Peter D’Antonio : Most grease fires are a result of poor maintenance of the exhaust system. Grease fires are avoidable through proper operation and maintenance. A good O&M plan will ensure the system is properly air balanced, makes provisions for kitchen staff to perform routine maintenance, and contracts qualified outside services to inspect and clean the grease exhaust system periodically based on the amount of effluent produced and filtration in place.

Steve Melink : I think canopy-style hoods should be less susceptible to grease fires since they hang higher above the cooking equipment. The greater the physical separation between the heat source, boilers, the fuel source, and the grease-laden filters, the less likely an ignition will occur. Using the same logic, cooking equipment that is only 36-in. high is better than similar equipment that is 72-in. high. In addition, there should be horizontal duct runs, so that grease is less likely to collect on the bottom wall and become a potential fuel source in between cleanings.

Brian Rivet : Capturing and removing the grease particulate at the hood will prevent hood plenums and ducts from building up substantial quantities of grease between scheduled duct cleanings. When capturing the grease near the source, the risk of grease fires in the ventilation system lessens. Select grease filters that have been tested to the ASTM F2519-2005 standard to understand the filter efficiencies and best match them to the cooking operation. Standard baffle filters will not provide efficient removal of grease particles from the airstream in most applications, especially on high-grease-producing cooking operations. Opt for other mechanical filters such as centrifugal filters and dual stage filters.

Tony McGuire : I do not know of any particular venting applications that will avoid grease fires because they are generally the result of inadequate maintenance or mistakes made on cooking lines themselves. This is why new requirements for cleaning and maintenance were included in the 2008 edition of NFPA 96, “Ventilation Control and Fire Protection of Commercial Cooking Operations.”

CSE: When are VFDs on kitchen fans appropriate?

McGuire : VFDs can be excellent methods of reducing operating costs when the kitchen design provides the right opportunities for modifying flow rates; however, many kitchens do not have the ability to do so. This becomes a matter of kitchen operations. A key question is, “What are the skills of the staff that will be turning equipment on and off?” Then, to determine whether VFDs are appropriate, you must look at the entire restaurant’s HVAC design as to how air will be moving during the course of a day’s operation. While the large chains have studied and developed many engineered approaches to ventilation and exhausts, the smaller, independent businesses continue to have little to no knowledge on the matter.

D’Antonio : VFDs are appropriate where the kitchen exhaust must run continuously, but the cooking operation has a high diversity of operating schedules and appliance type. If appliances are idle a majority of the day, there is good potential for a VFD to reduce energy use. A primary consideration is that the reduced velocity is adequate for capture and containment at the hood.

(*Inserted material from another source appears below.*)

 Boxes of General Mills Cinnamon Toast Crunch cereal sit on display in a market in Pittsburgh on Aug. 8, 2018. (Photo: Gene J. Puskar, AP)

Rivet : VFDs have been commonly used on fans, which are part of a variable volume kitchen system. These systems use temperature sensors and optic sensors to detect cooking activity under the hood, then send a signal to a processor that automatically adjusts the exhaust and supply rates. Variable volume systems’ typical applications include large cooking operations, such as batch cooking or facilities that operate 12 to 24 hours per day.

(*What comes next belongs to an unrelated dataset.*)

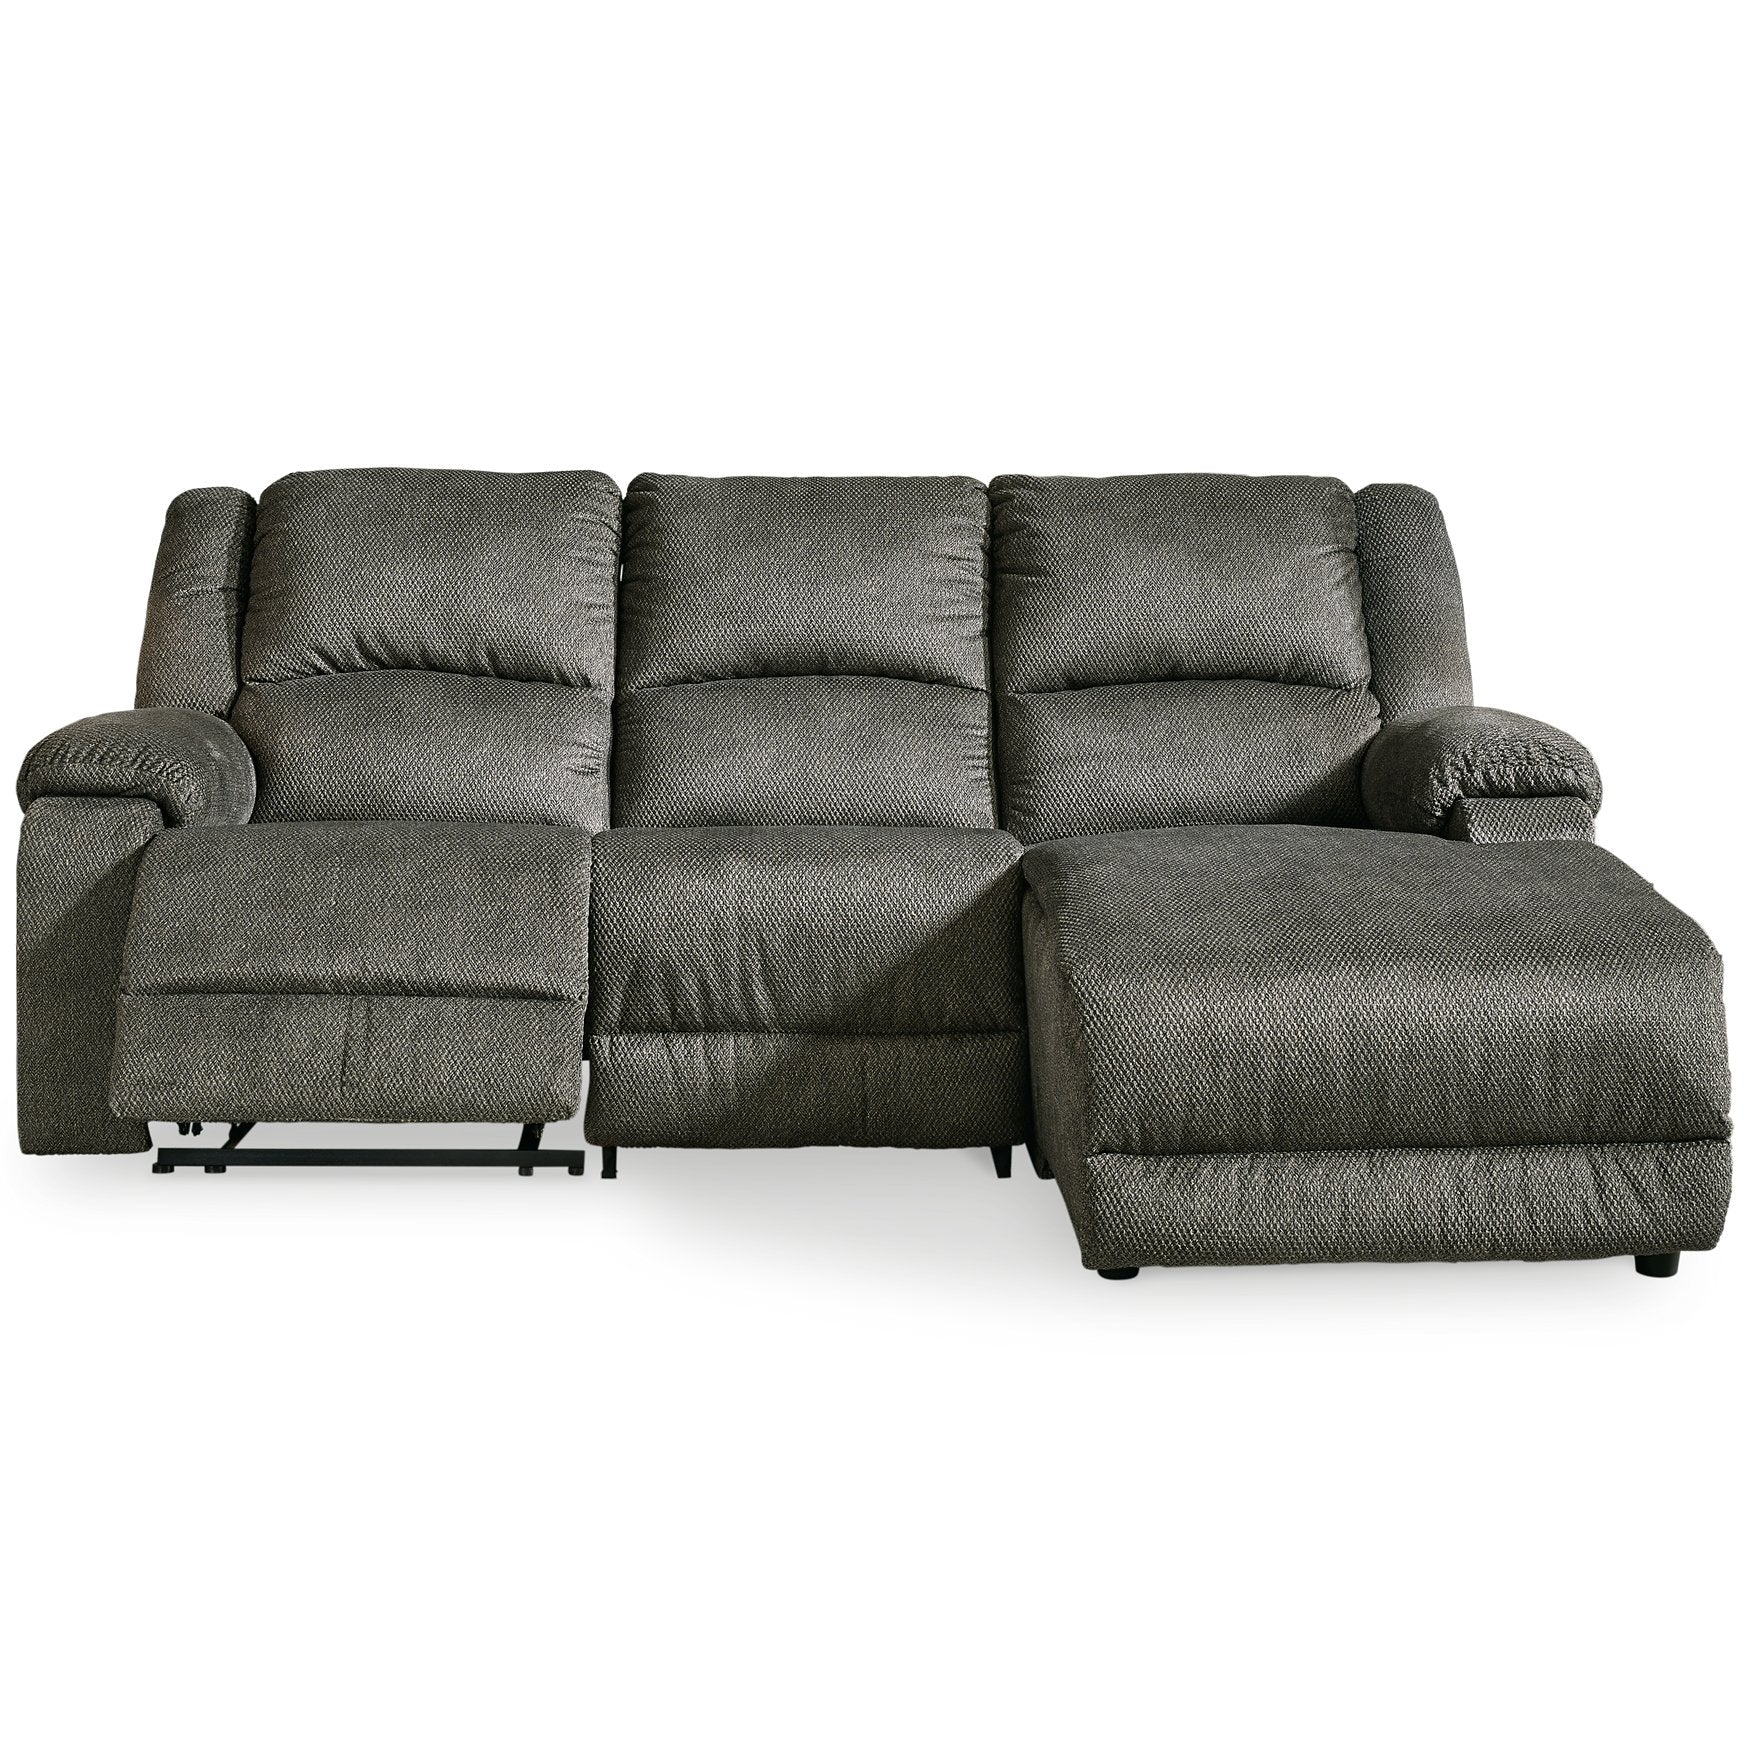 Benlocke Reclining Sectional with Chaise - Half Price Furniture

Melink : VFDs should be specified as much as possible so that direct-drive rather than belt-drive fans can also be specified. Since the belt is the weak link in the overall kitchen ventilation system, the more we design these out of kitchens, the better Demand ventilation is slowly but surely becoming an industry standard, and there is no reason to use both belt-drive fans and VFDs.

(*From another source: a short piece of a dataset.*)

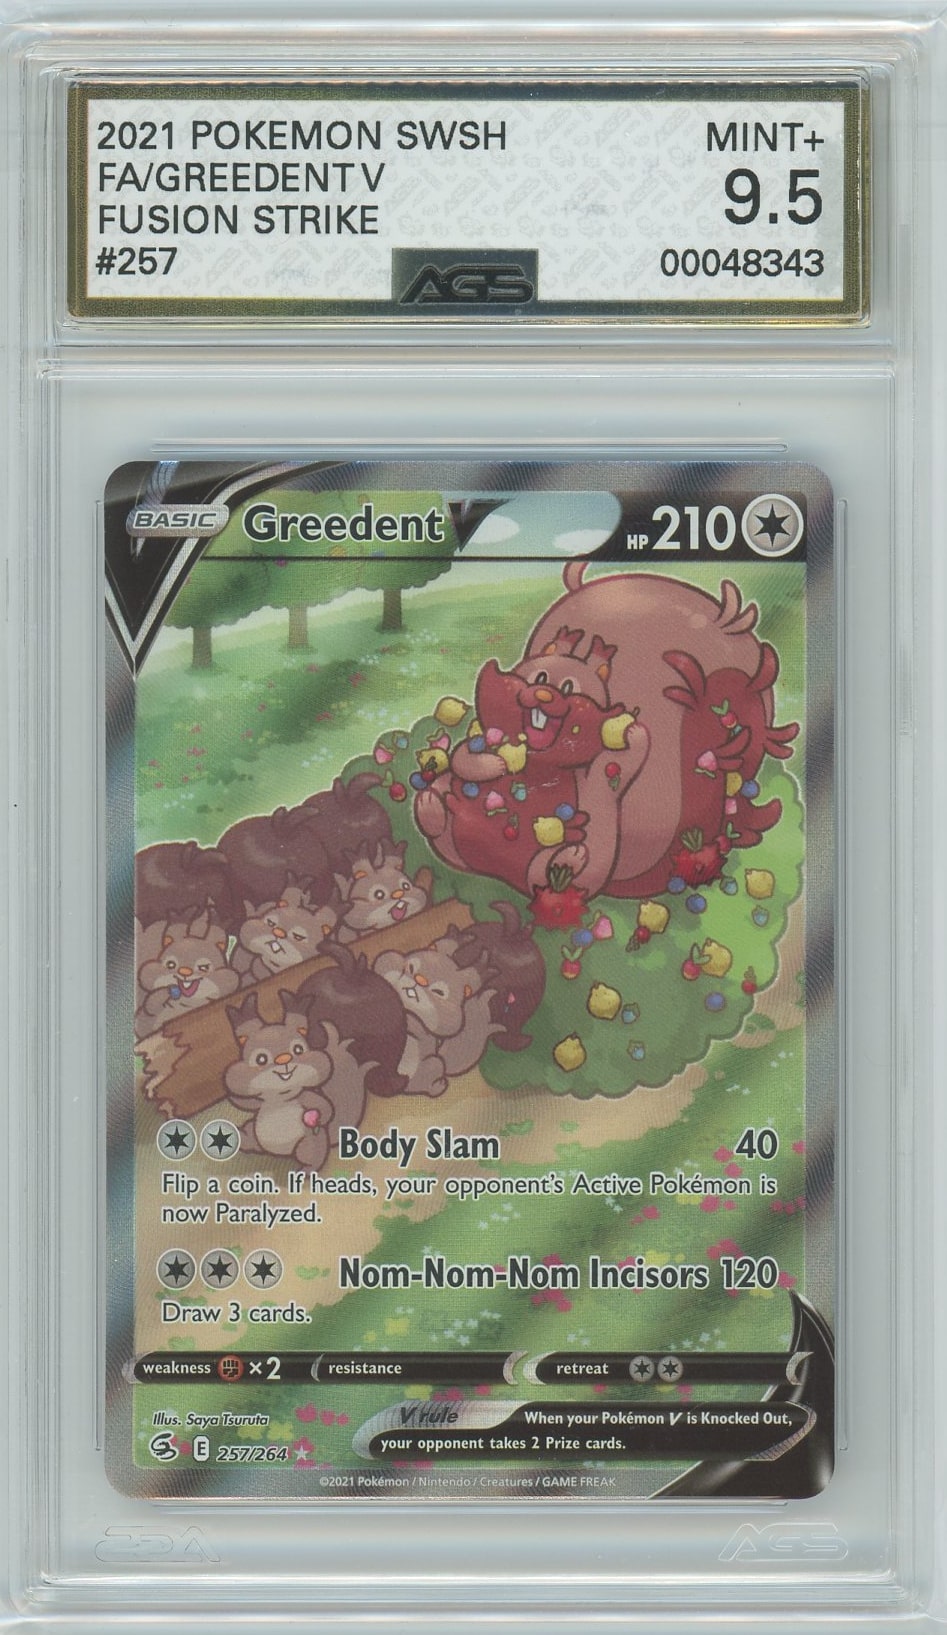 AGS (MINT+ 9.5) Greedent V #257 - Fusion Strike (#00048343)

CSE: How should engineers handle roof venting issues—stacks above rooflines, neighbors’ complaints, wind, etc.?

D’Antonio : First, follow the code for venting requirements and always augment that with site-specific needs related to aesthetics, potential odor, and noise control. Mixed-use applications are typically problematic about odor control spreading to nearby residential units. Fan selection is also very important in this regard, with utility set fans providing the best throw distances. Select the lowest possible fan rpm to reduce noise and consider vibration control. Odor can be controlled to a greater level with various secondary particulate removal devices, which are located downstream of the primary filtration in the hood; however, these devices may be costly to install and maintain.

Melink : Lower-cost aluminum up-blast fans usually work satisfactorily in light- and medium-duty applications. Rugged steel centrifugal fans usually work better in heavy-duty applications where there are high heat and grease loads. Properly designed parapet walls can help reduce the aesthetic, noise, and wind issues that can bother neighbors and adversely affect fan performance.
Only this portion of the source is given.